Essa situação que reúne um advogado das indústrias farmacêuticas, uma
corretora de investimentos, o dono de uma loja de material de
construção, e uma escritora especialista em África, lembra aqueles
enigmas que põe em um abrigo, após algum cataclisma apocalíptico, as
últimas pessoas que restaram na Terra. Para sobreviver, elas precisam
sacrificar alguém. Lembra também o capítulo XIII do Leviatã, de Thomas
Hobbes, publicado em 1651, em meio às guerras religiosas na Europa. Ele
descreve o que Hobbes chama de Estado de Natureza:
Torna-se manifesto que, durante o tempo em que os homens vivem sem um
poder comum capaz de mantê-los a todos em respeito, eles se encontram
naquela condição a que se chama guerra. Uma guerra que é de todos os
homens contra todos os homens. (…) Tudo aquilo, portanto, que é válido
para um tempo de guerra, em que todo homem é inimigo de todo homem,
também é válido para o tempo durante o qual os homens vivem sem outra
segurança senão a que lhes pode ser oferecida por sua própria força e
sua própria invenção. Em tal situação não há lugar para a indústria e
todas as demais atividades produtivas do homem, pois seu fruto é
incerto. Não há sociedade. E o que é pior do que tudo, há um constante
temor e perigo de morte violenta. A vida do homem é solitária, pobre,
sórdida, embrutecida e curta. Da guerra de todos contra todos também
isto é conseqüência: que nada pode ser injusto. As noções do bem e do
mal, de justiça e injustiça, não podem ter lugar aí.

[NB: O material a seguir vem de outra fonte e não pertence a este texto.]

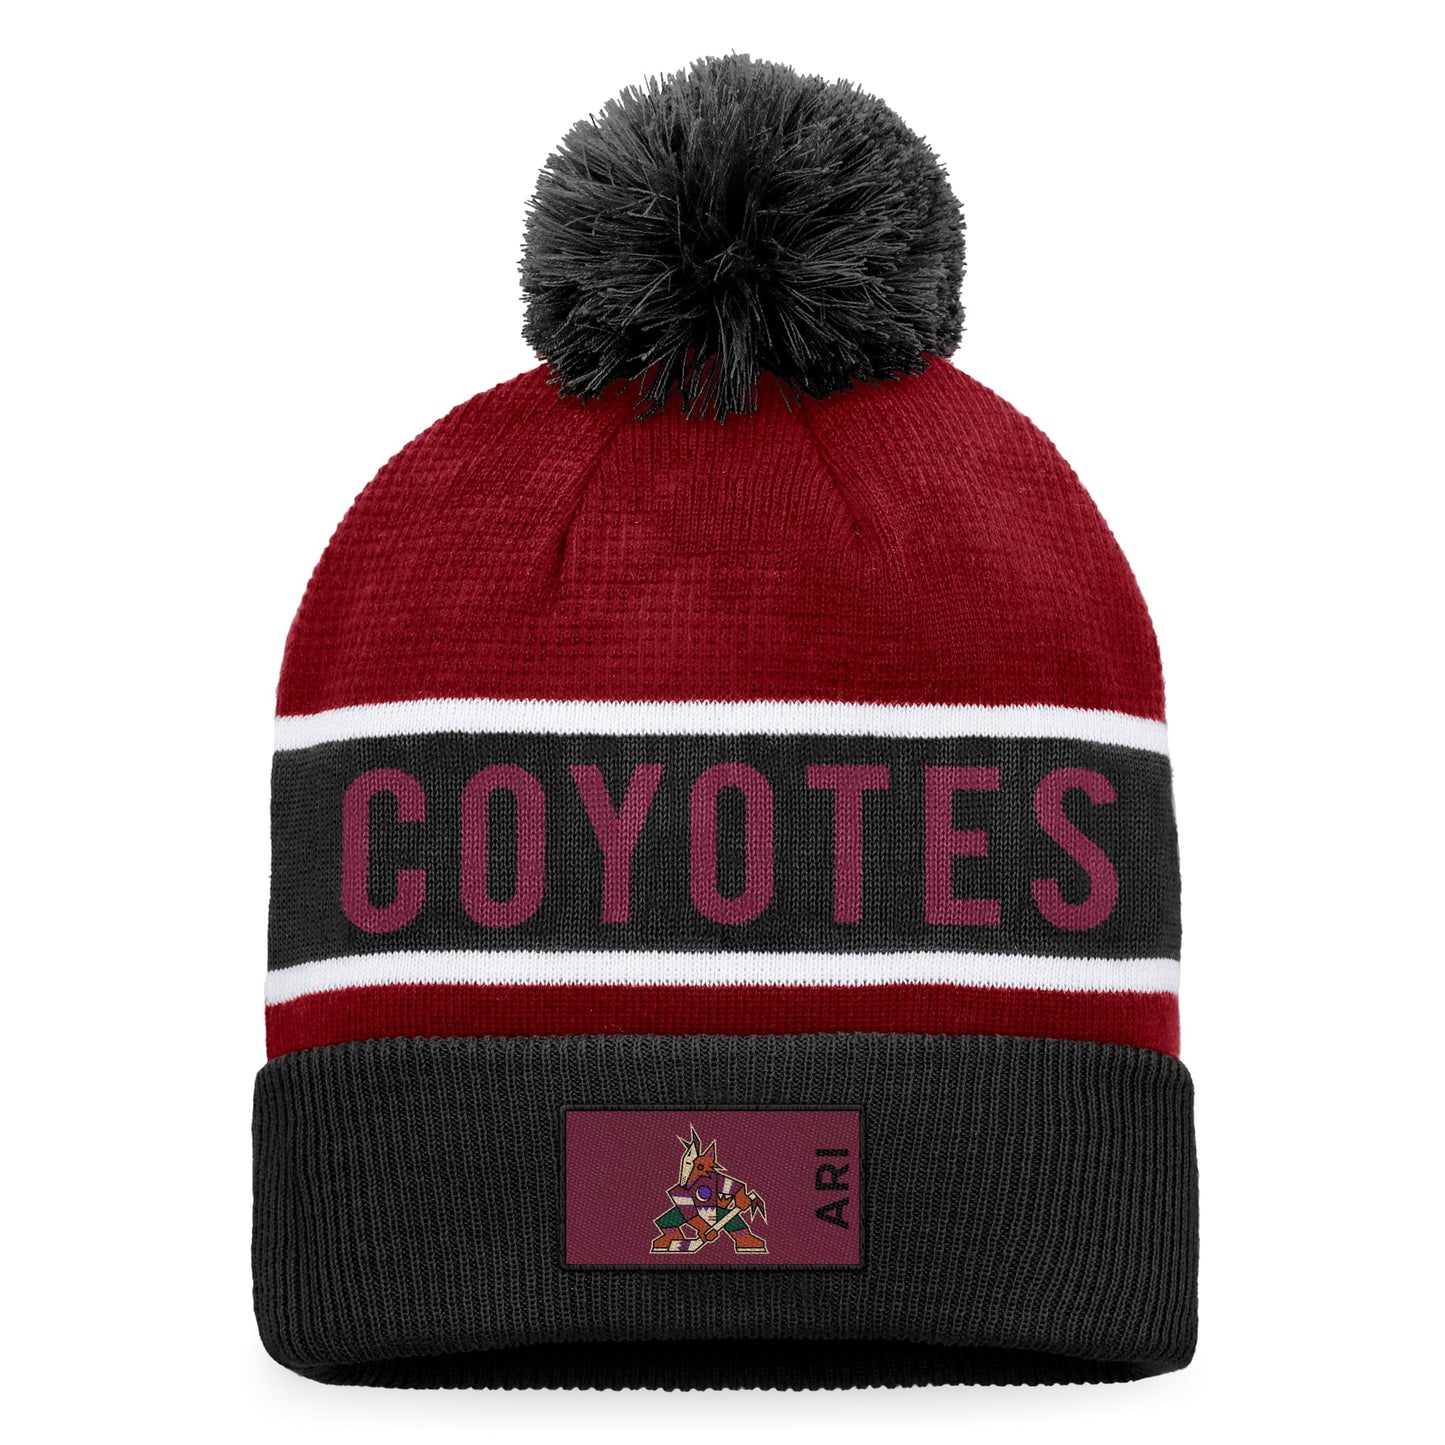 Men's Fanatics Branded Black/Garnet Arizona Coyotes Authentic Pro Rink Cuffed Knit Hat with Pom - OSFA

Esta visão de uma condição primitiva da humanidade, sem lei, onde as
paixões sem limites instauram um clima de terror, amparado por uma
natureza humana sórdida, teve ao longo do tempo diversas versões. Ela se
encontra alicerçada pelo senso comum, em vários discursos literários e
cinematográficos. Alimentou também uma série de teorias sociais, que
possuem muita força nos dias de hoje.
Por detrás do verniz da civilização e da educação, existe uma
natureza bárbara: é isso que nos revela o filme de Polanski e a peça de
Yasmina Reza, especialista em tramar conflitos através de uma estética
naturalista. Quando o advogado revela que acredita somente no Deus da
Carnificina, aquele que permite que os homens se dilacerem entre si, ele
revela a natureza da trama. A estória coloca a escritora, preocupada
com os povos oprimidos na África, como uma idealista fora de moda. Hoje
em dia, agir pelo bem comum e se preocupar com os outros é cafona.